The name and what’s behind it
Zhongdian was a small Tibetan trading town in northern Yunnan until 2001, when local officials successfully petitioned Beijing to rename it Shangri-La — lifting the name directly from James Hilton’s 1937 novel. The gambit worked. Tourism multiplied. The cynical read is obvious, and I had it ready when I arrived by bus from Lijiang. Then I stepped outside at five in the afternoon, and the Hengduan Mountains were cutting the horizon in every direction, and the air smelled of juniper and cold grass, and I quietly retired the cynicism.
The Tibetan culture here is real, even if the marketing around it is strained. Most residents are Khampa Tibetans, and the old quarter — burned in 2014 and largely rebuilt since — still has the density and logic of a traditional Tibetan neighborhood. Prayer wheels line the main street. Butter lamps burn in doorways. The sounds in the morning are dogs, wind, and distant horns from the monastery.
Ganden Sumtseling
The monastery is fifteen minutes from town by taxi and is the largest Tibetan Buddhist monastery in Yunnan — something like 700 monks in residence. I went on a Tuesday, off-season, and walked the outer circuit almost alone. The main hall has a smell I can’t fully categorize: butter, incense, old wood, something animal. The painted murals are genuinely old in places and you can tell which sections were restored recently because the colors haven’t had time to yellow.
The monks eat communal meals at set hours, and if you time it right you can watch them cross the courtyard in their burgundy robes in long lines. No performance. Just logistics.
The grasslands east of town
Napa Lake, about eight kilometers from Shangri-La, is a seasonal wetland that fills with migratory birds in autumn and drains into marshland by spring.
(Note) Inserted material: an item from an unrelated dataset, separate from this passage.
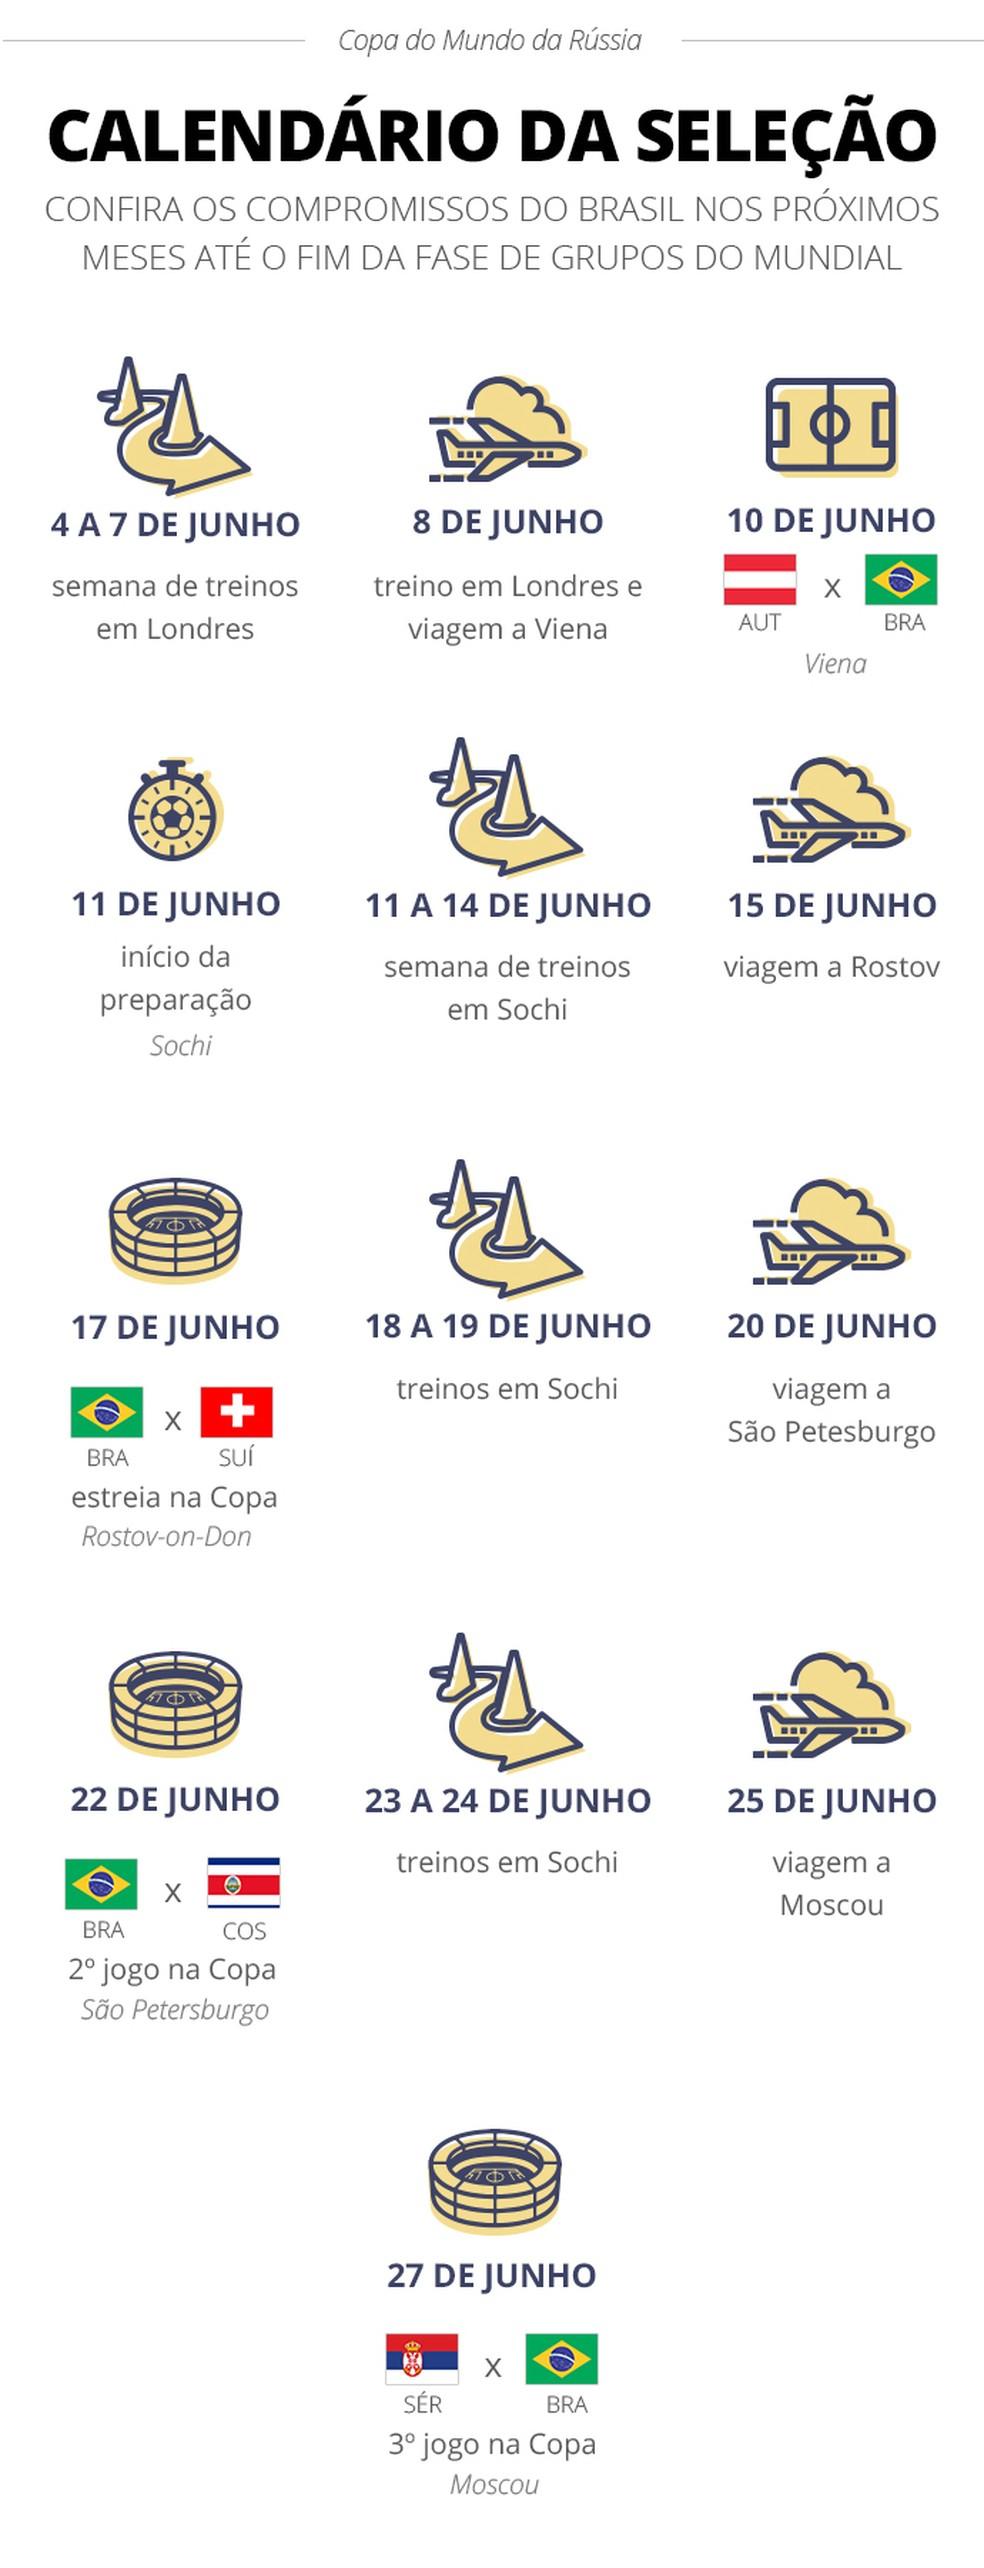 Calendario Selecao (Foto: infoesporte)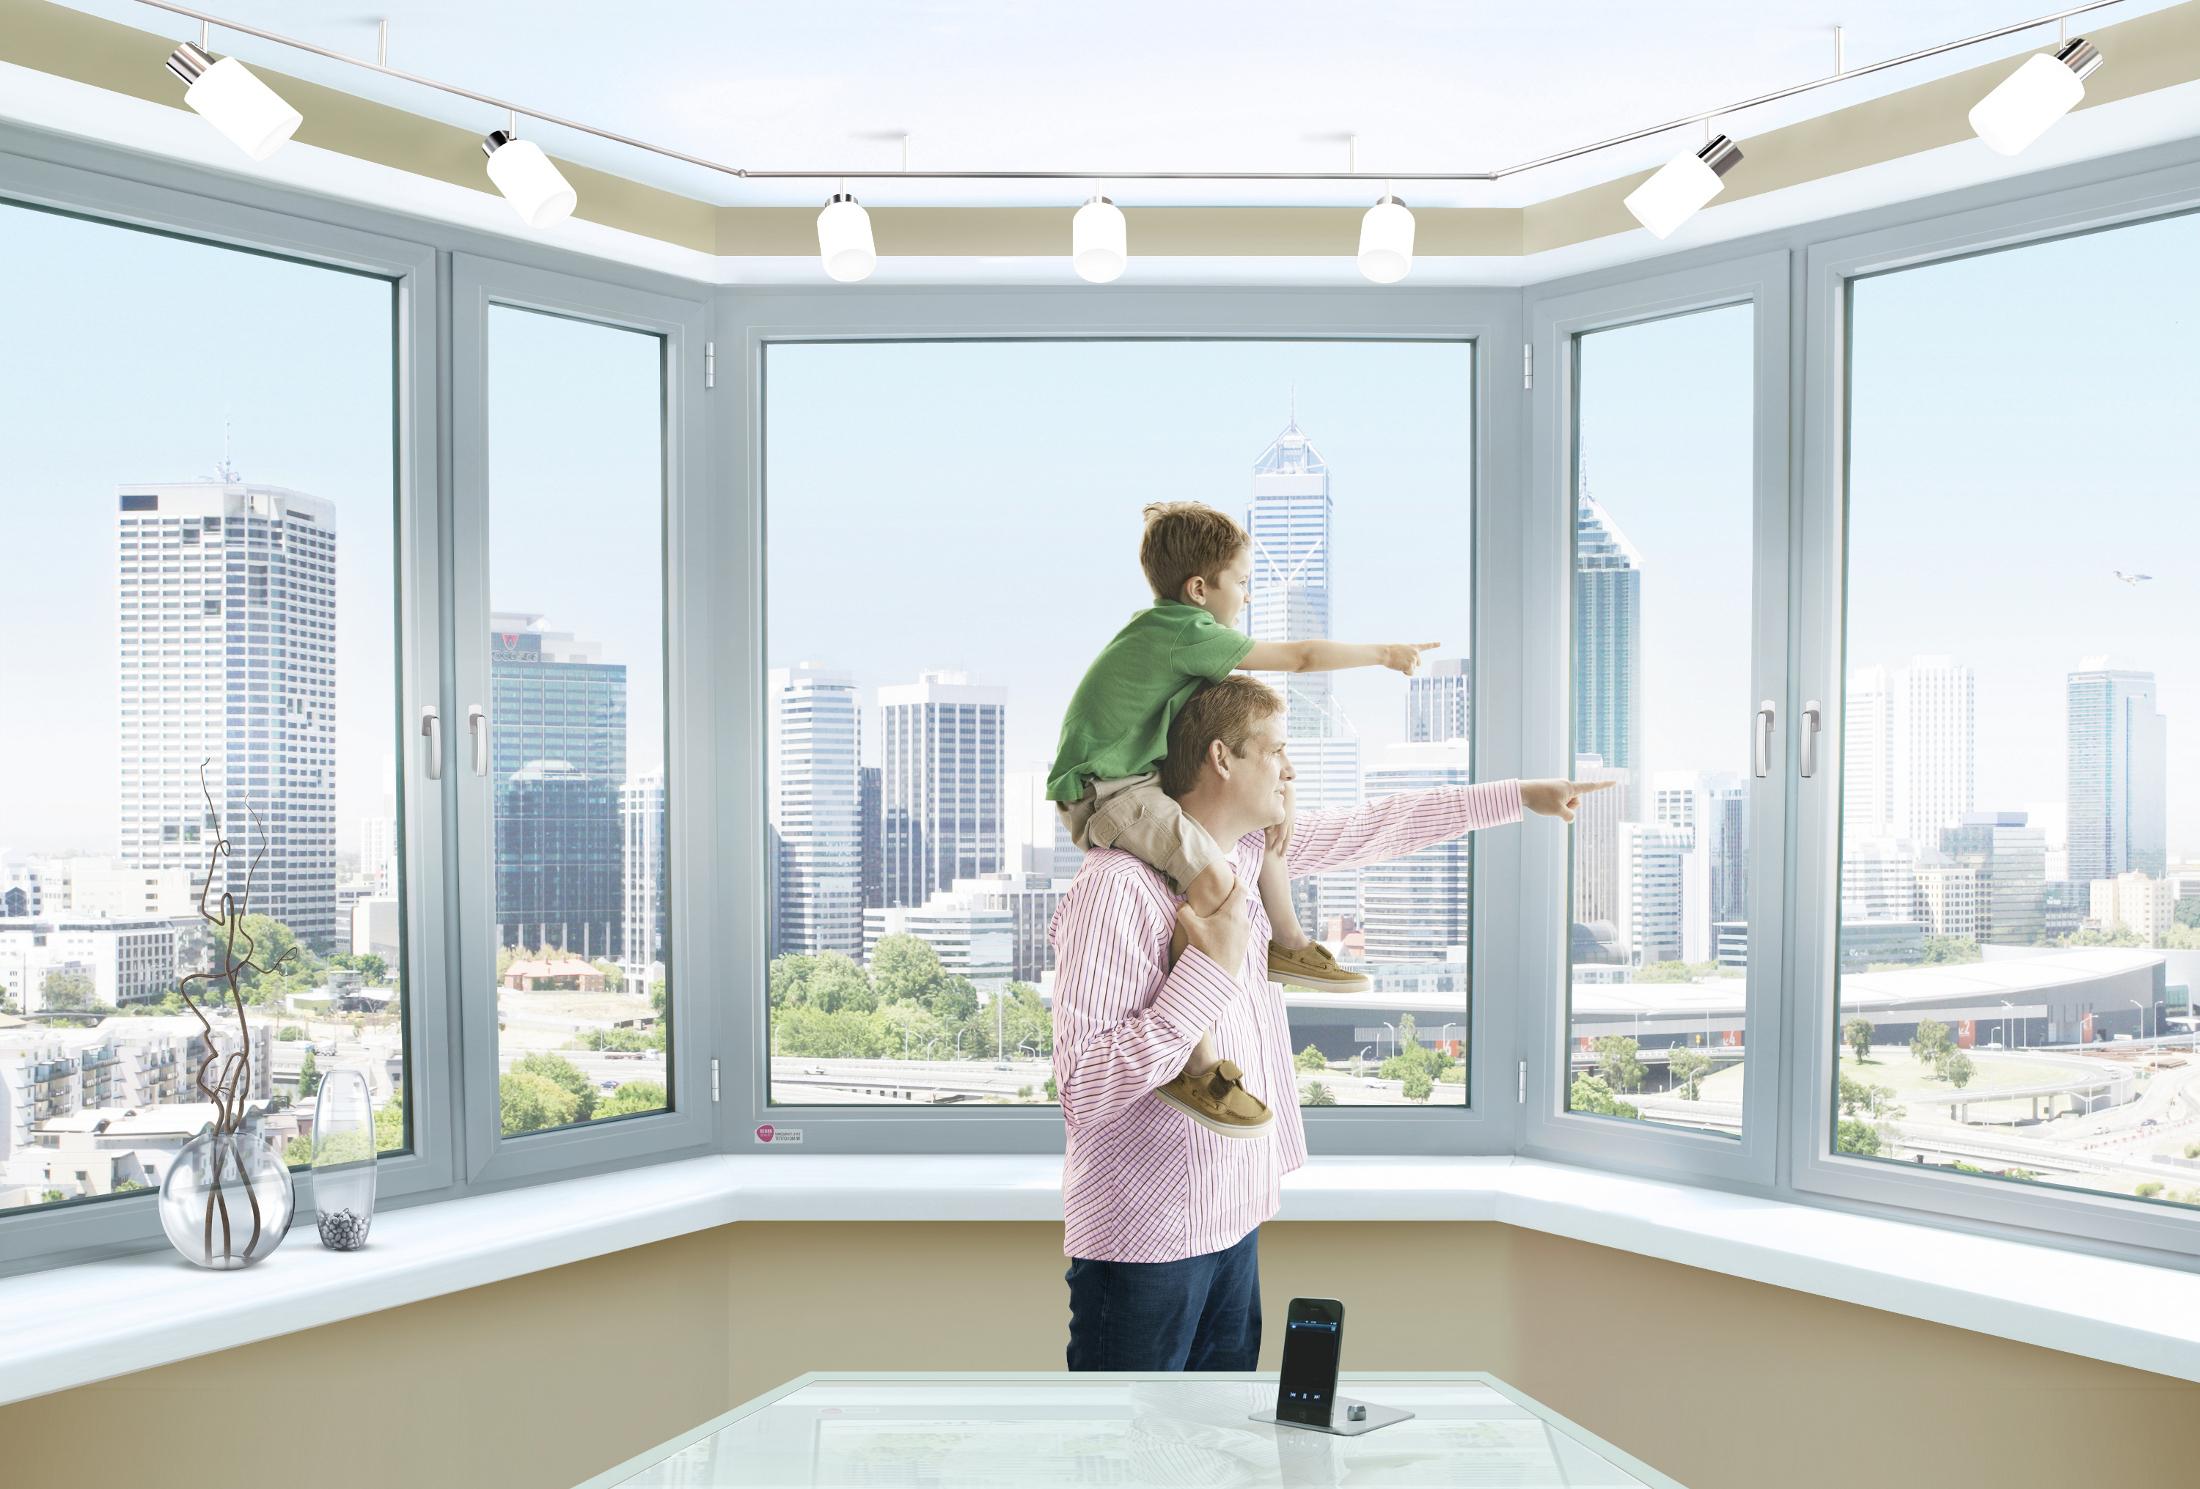 Как выбрать пластиковые окна правильно: лучшие окна пвх и рекомендации по их подбору

When I visited in late September, the lake was still substantial and the surrounding grasslands were the kind of green-gold that exists at high altitude for maybe three weeks a year before the cold takes it.
There’s a herding culture active in this landscape. I watched a Tibetan family moving yaks across the road with the unhurried authority of people who have never been in a particular hurry. The yaks are enormous and smell powerfully. The family’s dogs were larger than the yaks seemed to think was fair.
Butter tea and the question of acquiring a taste
Shangri-La is the place to drink butter tea, and I will be honest: it took me two days to stop flinching. The tea is made with pu-erh, yak butter, and salt, churned into something that sits somewhere between a broth and a beverage. It’s savory and heavy and at this altitude it makes physiological sense — the fat and salt do something real for your body. By day three I was ordering it without thinking.
The night market near the old town square does tsampa — roasted barley flour mixed with butter tea into a stiff dough — which you eat with your hands. It’s the most efficient food I’ve eaten anywhere. A fist of it keeps you walking for hours.
When to go: Late May through early October covers the best weather window. The grasslands peak in September when the summer rains have done their work. Winter is cold and austere but the monastery crowds thin dramatically — worth considering if you’re comfortable with sub-zero nights.